Guidelines for helping a child sleep alone
- Give the signal that it is time to go to sleep. To create a habit, there needs to be a routine and repetitive signal that shows us that the routine has started. To do this, you should take into account the child's age. If your child is three years old and you tell him it's ten o'clock, he won't understand it the same way as if a song – rather relaxing, like a lullaby – was playing at that time. However, if your child is nine years old, you can tell him that 10 pm is the deadline for going to bed.
- Before the signal, children should do relaxing activities and calmIf you are playing a violent, flashing video game with your child ten minutes before bed, you will have excited his neurons for several hours. So don't think it's strange if he doesn't sleep that night. Likewise, you should not give him soft drinks containing caffeine.
- Establish a routine. We set the signal, we accompany the child to bed and we can stay for a while reading a story or a book or simply talking. But we must set a time limit because if we stay longer, we run the risk of becoming a new signal ourselves, which will end up becoming a habit and then a routine. With older children who can get out of bed as soon as you have left the room, you will have to be very patient and take them back to their bed, calm them down and return, together with your partner, to the place in the house where you were. Although the child may be a little anxious at first, he will eventually understand.
- Strengthen the routine. The first time you get your child to wake up in his bed, you should congratulate him appropriately: clapping, hugs, kisses, tickling, congratulations and praise. He should feel comforted and supported so that the new routine can be definitively established.

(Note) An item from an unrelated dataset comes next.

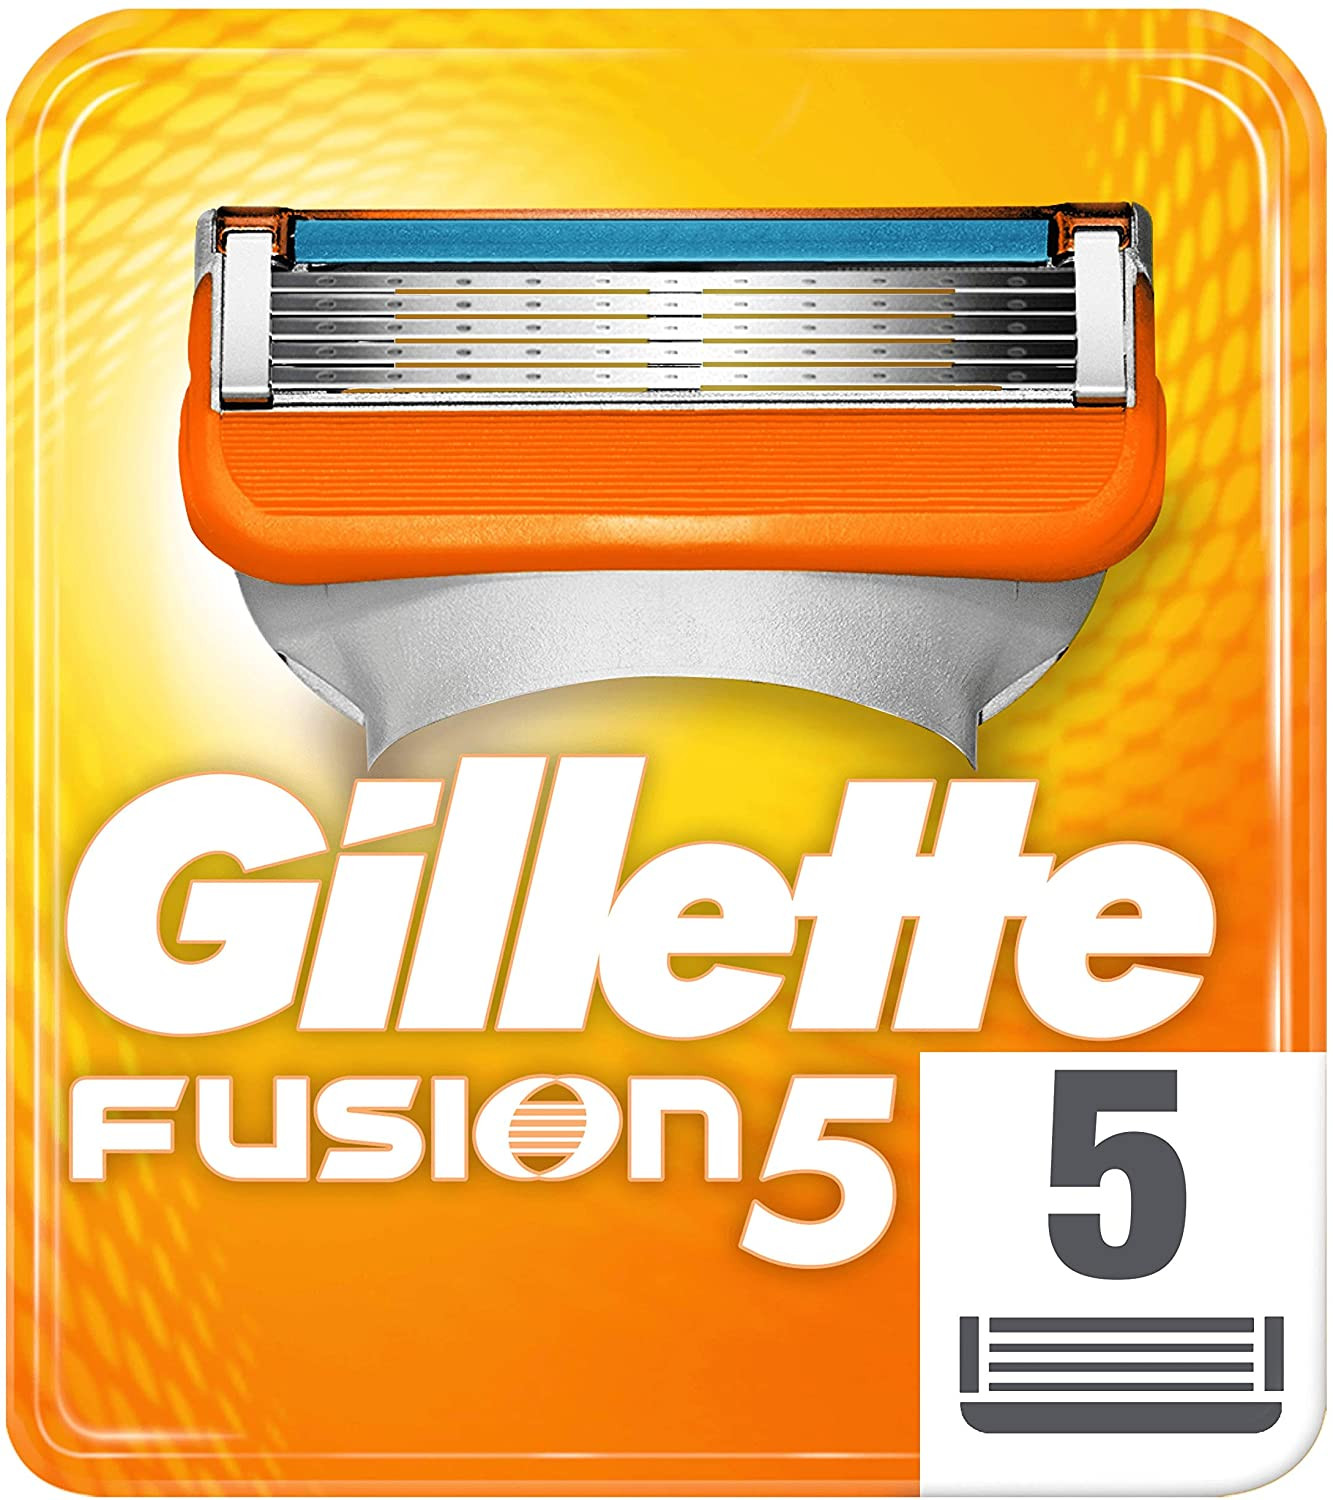 lamette Fusion5 Gilette per gli...

- Reiterate and preserve. The habit must be maintained consistently, every night, in order to create a routine. After a few days, the child will have become accustomed to it and will end up internalizing the fact that he must sleep in his bed alone.
- What you should not do. Take your child to bed if he or she doesn't sleep on a day. Once the routine is complete, turn off the light or, in the case of children with fears, leave a dim light on. If it's a younger child who starts crying because he or she «saw a monster,» go into the room and reassure him or her there, but without taking him or her out of bed. If we do the opposite, creating a habit or establishing a routine will not have helped us at all and we will have to start all over again.

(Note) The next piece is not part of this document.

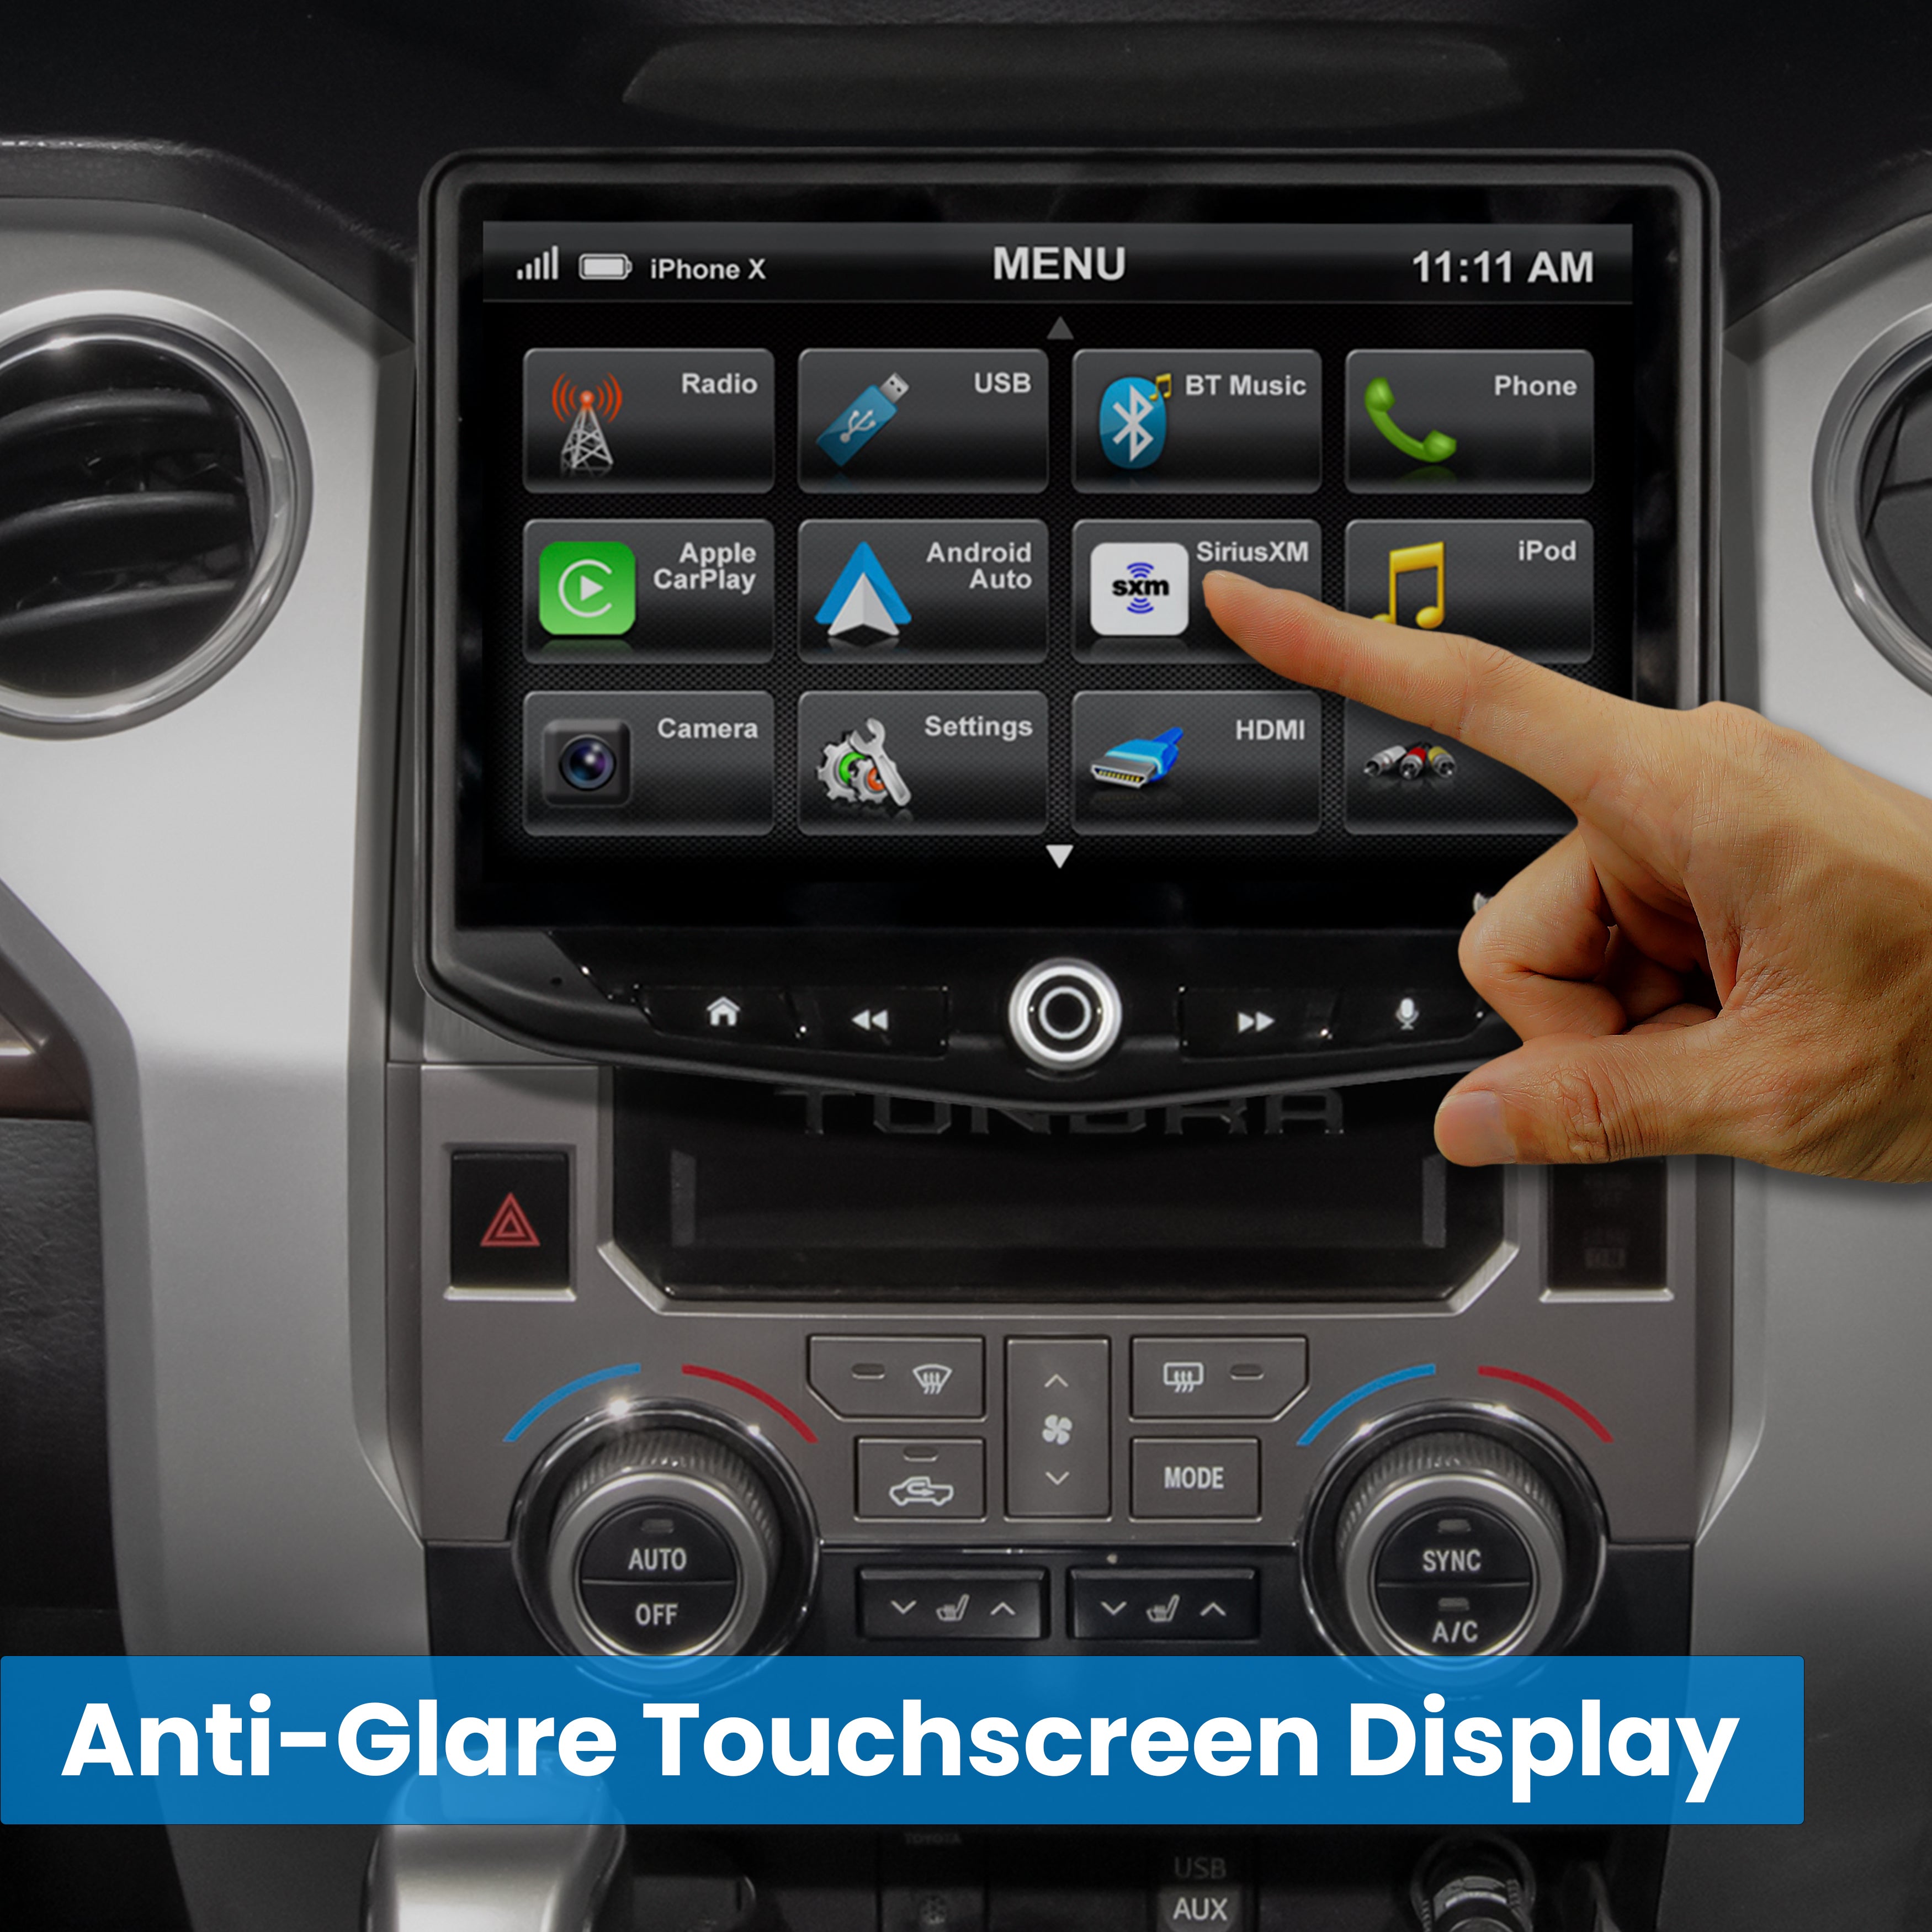 Toyota Tundra (2014-2021) HEIGH10 10" Plug-and-Play Radio Kit

Decalogue for good sleep hygiene for children
- Sleep is a habit that requires learning and respecting a schedule and favorable conditions of temperature, silence and light.
- From the fourth or fifth month, the baby should sleep in his own room.
- From an early age, it is important to teach children to sleep alone, not on the sofa or in their parents' bed, even if they are later moved to their own. You can help them by reading them a story and leaving a dim light on.
- It is not advisable to put your child to bed until he or she falls asleep, as this will reduce the development of his or her autonomy. On weekends, you can allow him or her to spend a short time in the morning in his or her parents' bed.
- It is important to maintain a bedtime routine and teach your child that he or she needs to go to sleep because we all need to rest.
- If your child wakes up scared in the middle of the night, you need to reassure him and pamper him a little, but be firm in letting him continue sleeping alone.
- It is not advisable to allow your child to go to bed with his/her parents, grandparents, siblings, etc. at midnight.
- It is best not to turn on the television and gently help him go back to sleep.
- Children should not be rewarded for sleeping well, but rather taught that this is normal. It is advisable to reduce the excessive rewards that children are now accustomed to when they do their duty.
- Father and mother must share the same criteria and authority when it comes to bedtime and respect the rules of sleep.